White doubted the last one even more than the rest.
"But if we can find anything, A2's our best lead."
She knew what a parent should do. Would have done. Deny the chance. Keep her… keep hope alive. Don't risk everything on one slim thread.
She also knew what was demanded of her as the commander of YoRHa. Everything in the Bunker only existed to bring victory. Every sacrifice was justified.
"I'll take it under consideration."
"Thank you!"
White turned away, unable to look Yonah in the eye again.
Androids were built to emulate humans, after all.
Sooner or later, they would have to sacrifice their god.
(Author's notes: Hey. Good to be back. As usual, I hope you enjoyed the chapter, and also as usual, thanks for reading.

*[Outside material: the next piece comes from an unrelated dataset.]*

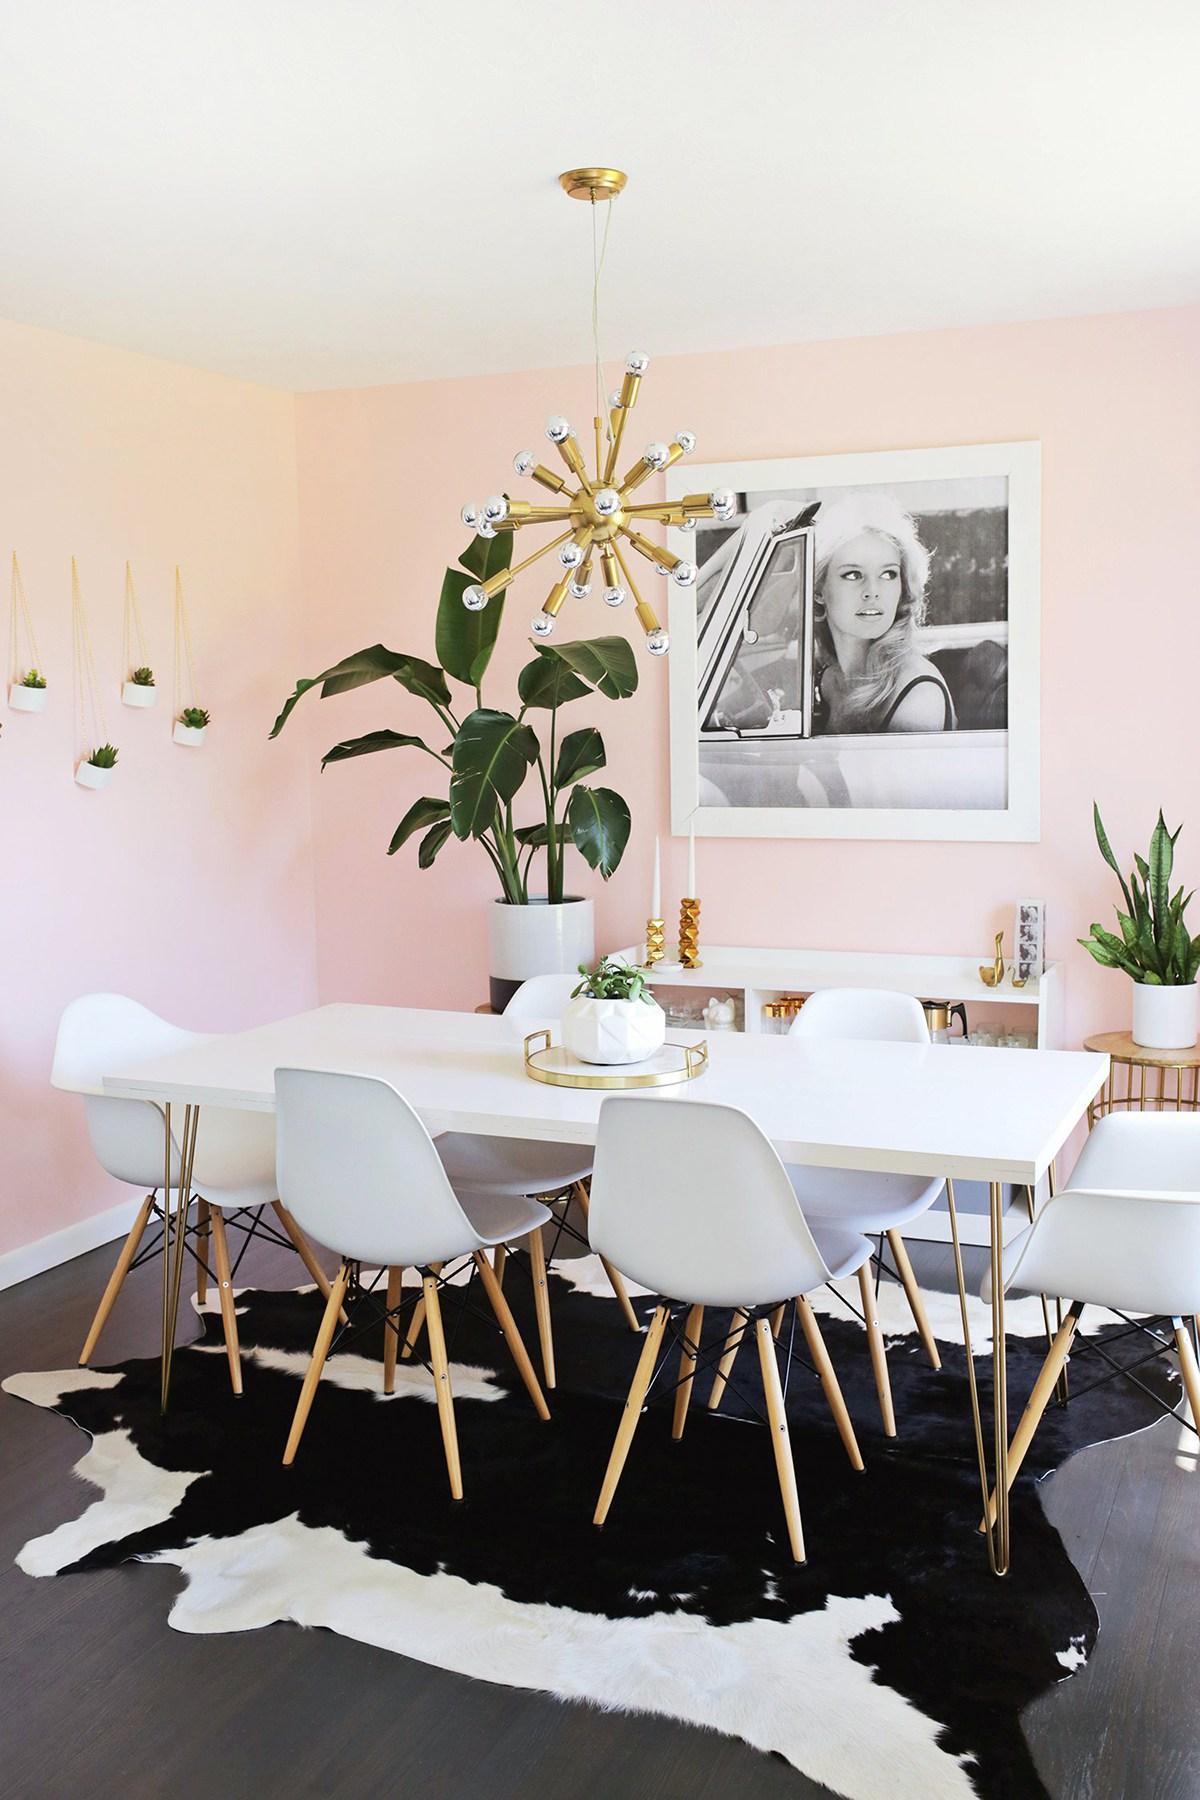 boho chic 25 Boho Chic Dining Room Designs That Will Inspire You 25 boho chic dining room designs that will inspire you 1
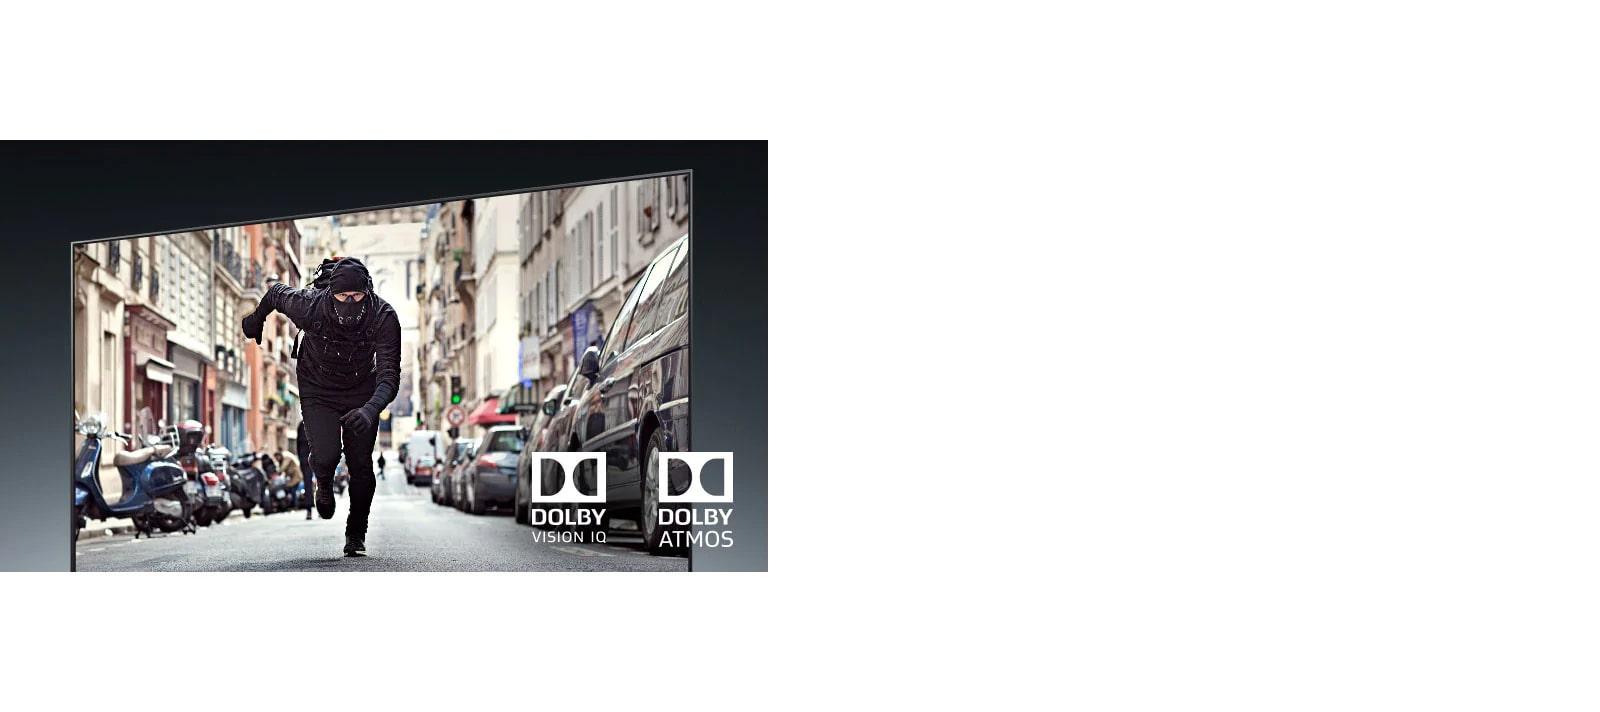 Enjoy professionally mastered visual and sound1

Poor White. She was so loyal and tries so hard. She deserved better. Really, though, she's in an interesting position, knowing enough of the truth to be sure she's doing monstrous things, but without quite enough information to know how useless her actions are in the grand scheme of things. The world of Automata tends to bring everyone into the gutters sooner or later, but White is more aware of, and less able to escape, her sins than most of the cast. I don't think having an additional lie on top of the rest would make her life much better.
So, until I see you again, take care. And always remember that, no matter what your hacker says, you don't have to murder the party tank.)